Era muito difícil ficar impassível frente ao professor Carlos Alberto Reyes Maldonado...
Conheci-o na primeira metade da década de 1990, num almoço em Cáceres, quando se discutia a criação da Unemat. Ele me foi apresentado por um triunvirato: professor Sérgio Cintra, jornalista Osmar de Carvalho e pelo meu saudoso compadre Auro Ida (in memorian), o "Japonês".
Ficamos esperando o então secretário de Estado de Educação, vice-governador Osvaldo Sobrinho, para o almoço. Sobrinho não apareceu nem justificou o “bolo” nos convidados. E Maldonado não se fez de rogado, ignorou a ausência do chefe e realizou a explanação do que seria hoje a Universidade de Mato Grosso, a nossa Unemat.
Na época, o Instituto de Ensino Superior de Cáceres (IESC) era mantido pelo Estado às duras penas e ninguém melhor do que Maldonado sabia disso. Faltava de giz até livros básicos na biblioteca, passando por carteiras e professores. Pensei: esse barbudo é doido varrido. Mas não falei nada, porque não estava ali para opinar e, sim, fazer uma reportagem.

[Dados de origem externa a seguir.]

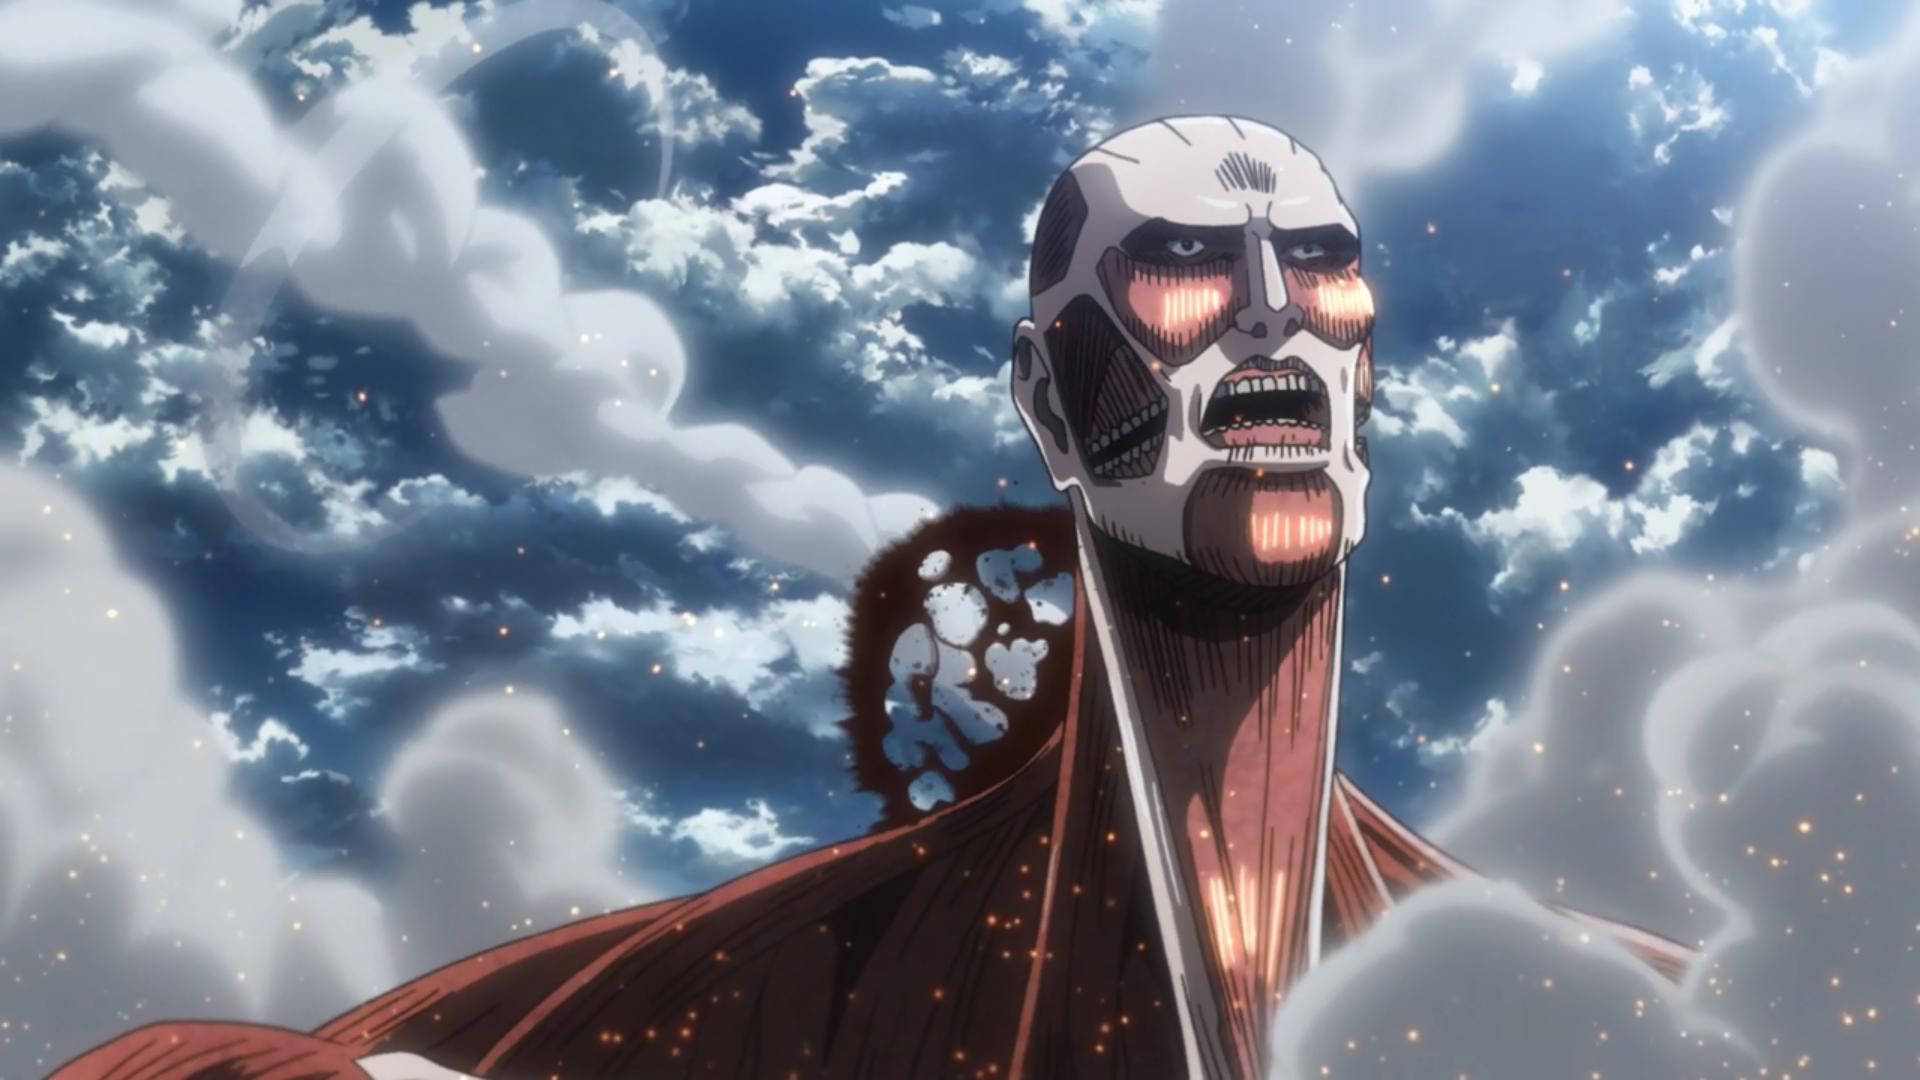 It looks scarier 2D colossal titan looks cute and I cant take him seriously...

Osmar de Carvalho era coordenador de Comunicação da Seduc. Auro Ida era o principal repórter do jornal “A Gazeta” e, eu, do “Diário de Cuiabá”. E Sérgio Cintra era o mais respeitado professor de língua portuguesa em cursinho pré-vestibular e amigo de Maldonado.
Na época, ele ainda era do PT. Depois, migrou para o PPS. Mas sempre foi "vermelho", realmente defensor do socialismo. E, ao montar a Unemat, provou para mim e outros que não era louco, mas, sim, um visionário.
Talvez por isso Maldonado tenha sido um dos poucos mato-grossenses ouvidos pelo então senador Darcy Ribeiro (RJ) para contribuir com a elaboração da Lei de Diretrizes e Bases da Educação (9.394/96). Darcy era um dos defensores do socialismo moreno, trazido por Leonel Brizola – consolidado pela Carta de Lisboa.
A inteligência aliada à sua militância levou Carlos Maldonado a ocupar cargos públicos: primeiro, reitor da Unemat. Depois, galgou a condição de Secretário de Estado de Educação, no governo Dante de Oliveira (in memorian) e, na seqüência, foi convidado para a Secretaria Municipal de Educação, na administração Roberto França (1997-2004).
Interessante é que Maldonado foi responsável por implantar a escola ciclada, hoje bastante discutida, tanto na rede estadual quando na rede municipal. Fã de Darcy Ribeiro, considerava o modelo de ciclo o melhor para tirar os estudantes da condição de ouvintes para transformá-los em protagonistas do debate.
Tive discussões homéricas com Carlos Alberto Maldonado, principalmente na administração Roberto França, onde fui secretário adjunto de Comunicação (de Auro Ida) e, no fim do mandato, titular da Secom – em substituição por causa da licença do “Japonês”.
Creio que, se houvesse julgamento isento, diria que perdi todos os debates com o professor Carlos Alberto Reyes, porque não é fácil bater boca com gênio da dialética. Na época, por me considerar no mesmo nível dele – pelo menos na administração pública – jamais admitira a derrota num debate, publicamente.
Carlos Alberto Reyes Maldonado deixou um legado de esperança para quem crê num ensino público gratuito e de qualidade, no Brasil, principalmente em Mato Grosso.
De qualquer forma, parafraseando o meu amigo Sérgio Cintra: “o homem se vai, mas a idéias ficam”. Foi uma honra ser contemporâneo de Carlos Maldonado, o genial contendor. Descanse em paz, nobre gênio.
*Ronaldo Pacheco é jornalista em Cuiabá e Editor de Política do portal Olhar Direto.